Certain operations (e.g., filtering, element-wise t-test for cluster tests) could be defined so that they work for all objects with the required dimensional structure rather than defining them separately for different object types

I think the clustering is not such a valid example here, it's quite abstract I would say. But I agree that the requirements could be made more explicit. But see #590 and the discussion on #580.
I think in many cases we already addressed this by adding the same functionality once with more context as a method and then as a function. Maybe things like this would be easier with RawBase et al. And sometimes it may be of advantage not to have a method on / work with each object ... E.g. fitting our ICA on an evoked objects might not be a good idea without certain pre-requirements met, or filtering evokeds, etc.

@christianbrodbeck
Copy link
Member Author

I've been thinking a few times about an stc object for epochs in source space ... valid point.

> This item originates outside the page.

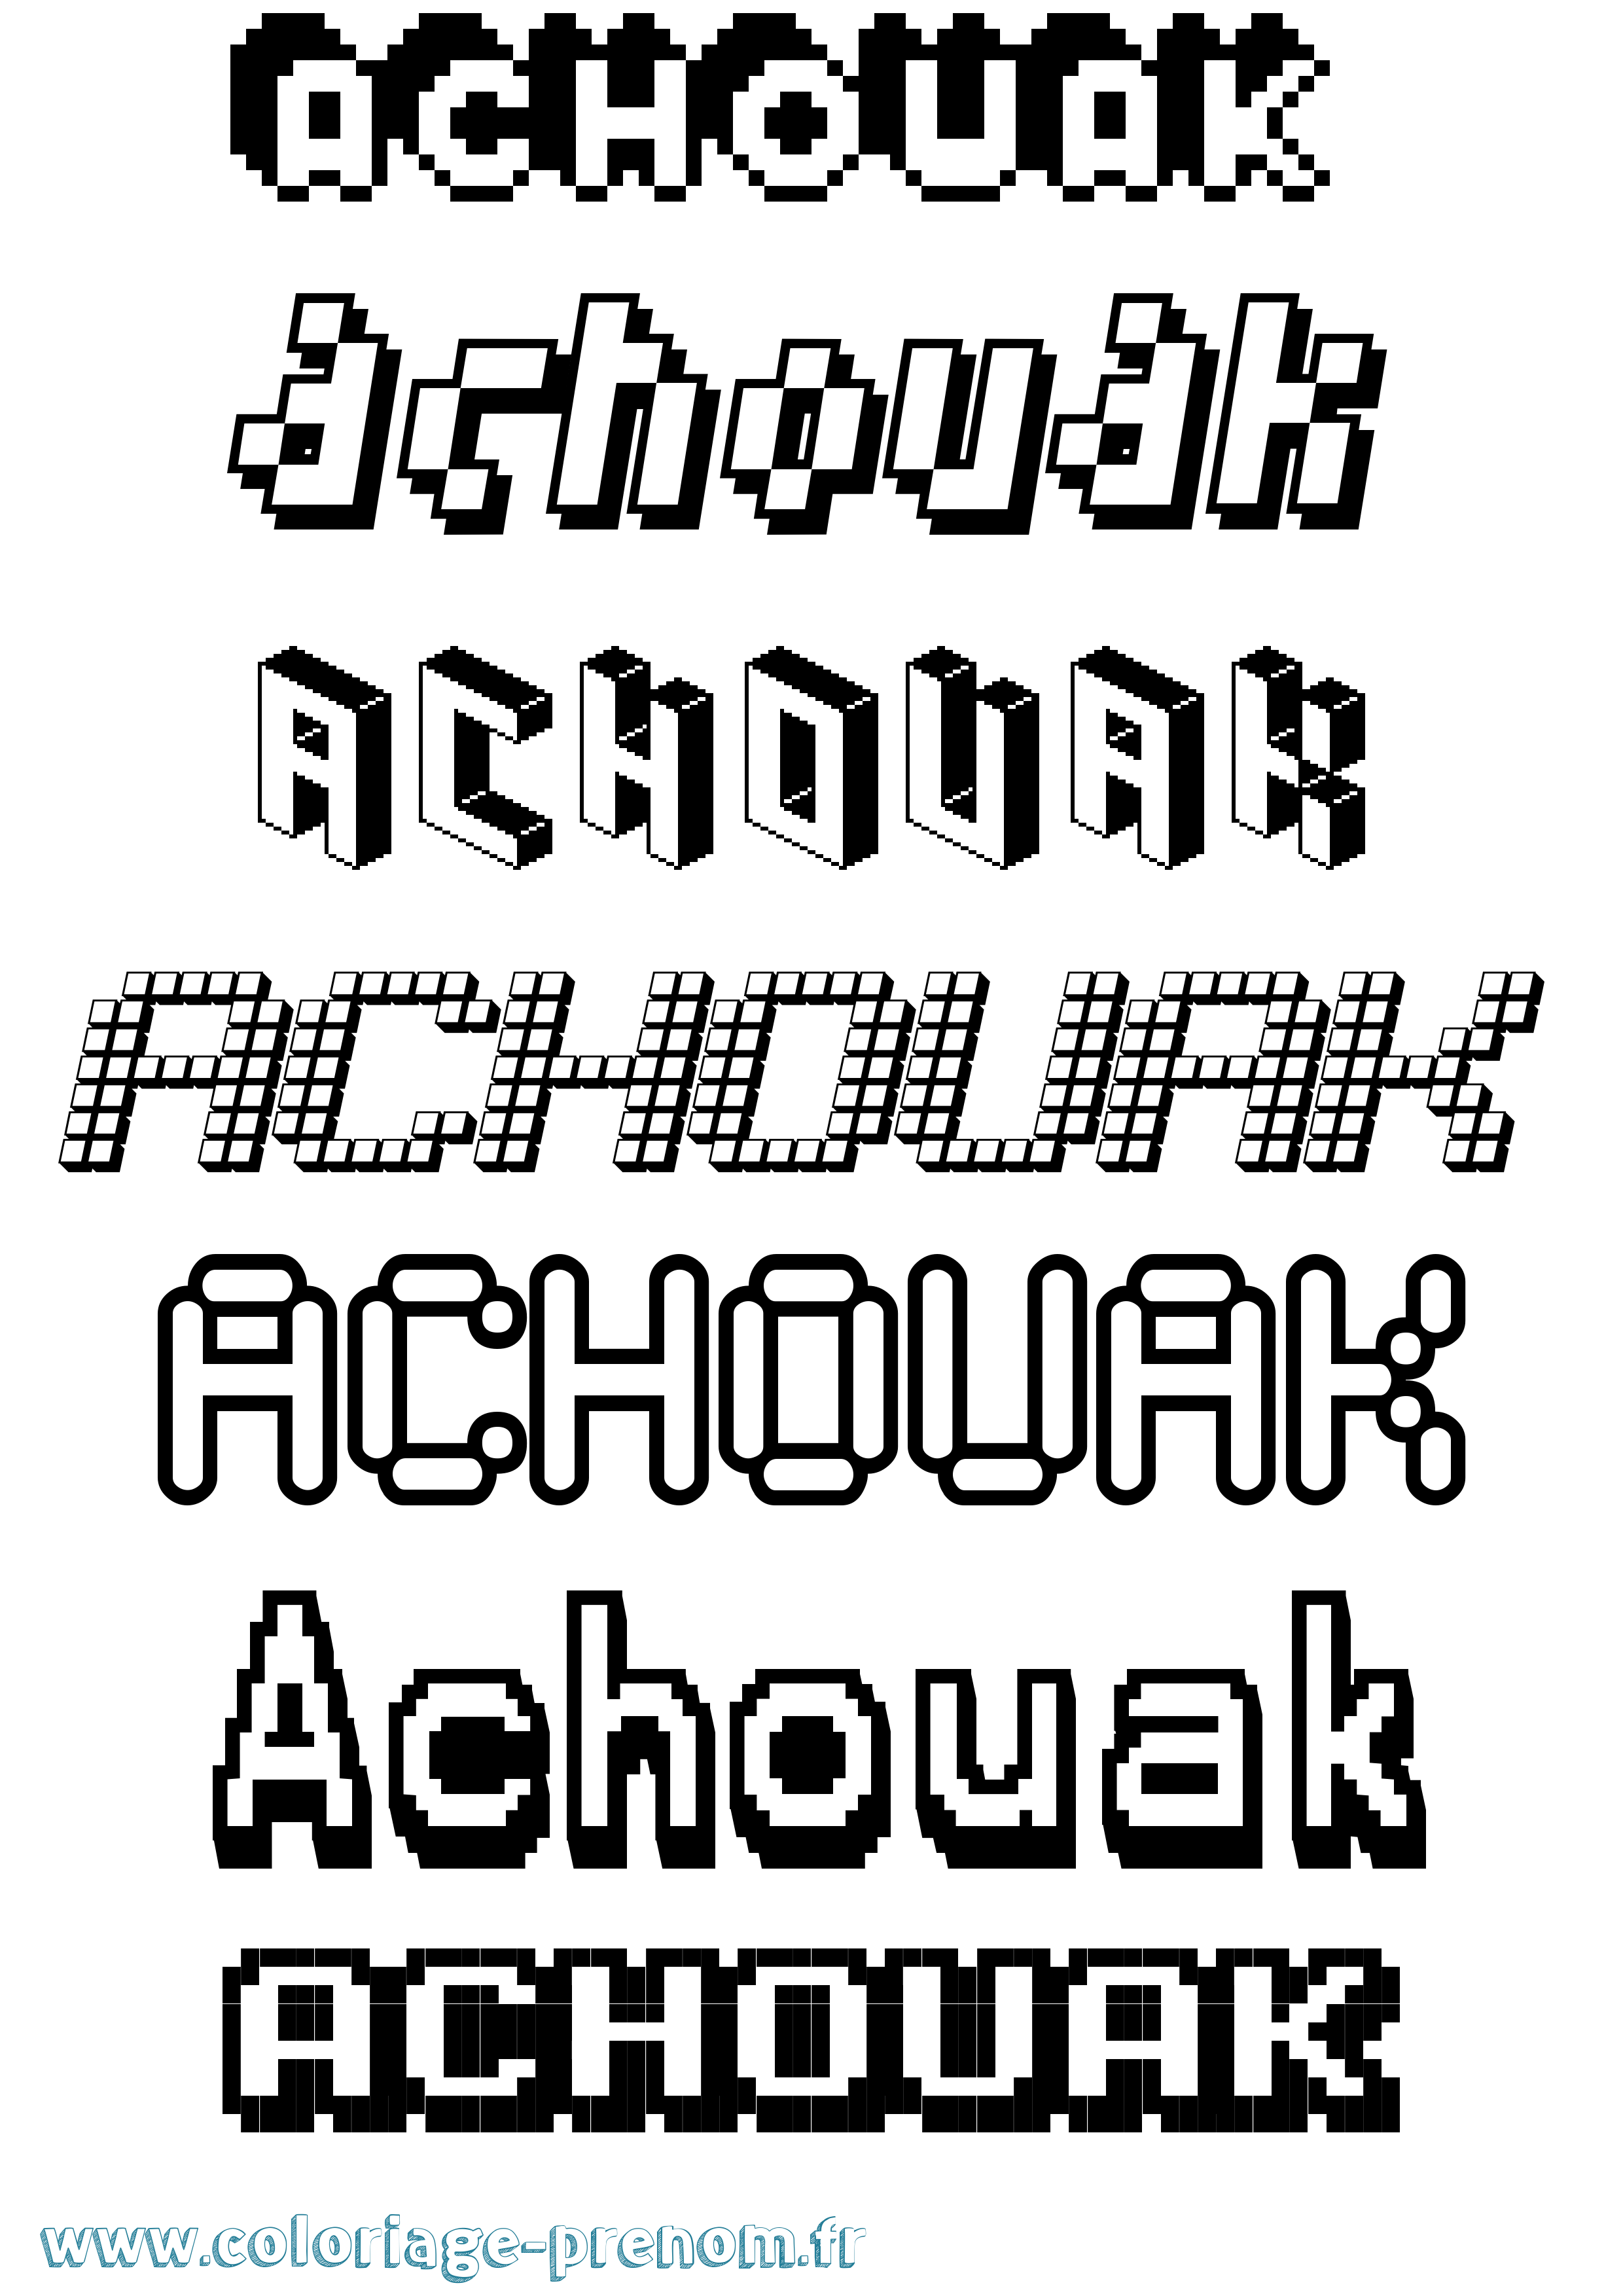 Coloriage prénom Achouak Pixel

I wonder if it would be feasible to merge Epochs and Evoked objects into a single class that represents sensor space data (and allows multiple averages in an Evoked), and then make an analogous class for source estimates?

indexing should return objects that retain their data attributes and can be plotted without supplying additional arguments that the object could provide (e.g. plotting a topomap of a specific time point in an Evoked should be something like plot_topomap(Evoked[time]))

Yes. This is presumably minor and very doable, and certainly a good idea.

How would you approach that? My solution was that the objects keep information about dimensions -- i.e. a topography is like an Epochs object without the time dimension.

The option for meaningful slicing could make things more explicit (time=x instead of [:,:,x]) and simple (for example directly using a time value in seconds rather than first looking up the index of the desired time value in x.times ...)

Mhmm. This does not sound like something that would look very pythonic using square brackets. Maybe getters could do the job.

Agree, methods seem to be more natural for this than direct indexing

It would also be nice to do math operations with objects (e.g., do baseline correction by subtracting a topography object with several trials from an epochs object with the same number of trials)

We do have support for math in epochs, evokeds and stcs ... But it seems that's not enough?

What I had in mind was extending that math to objects with different dimensions, in the way that baseline correction is subtracting a topography that has no time dimension from an Epochs object. It's not a necessity, but I think it would be nice to be able to do something like evoked_blc = evoked - evoked.average(time=(None, 0)).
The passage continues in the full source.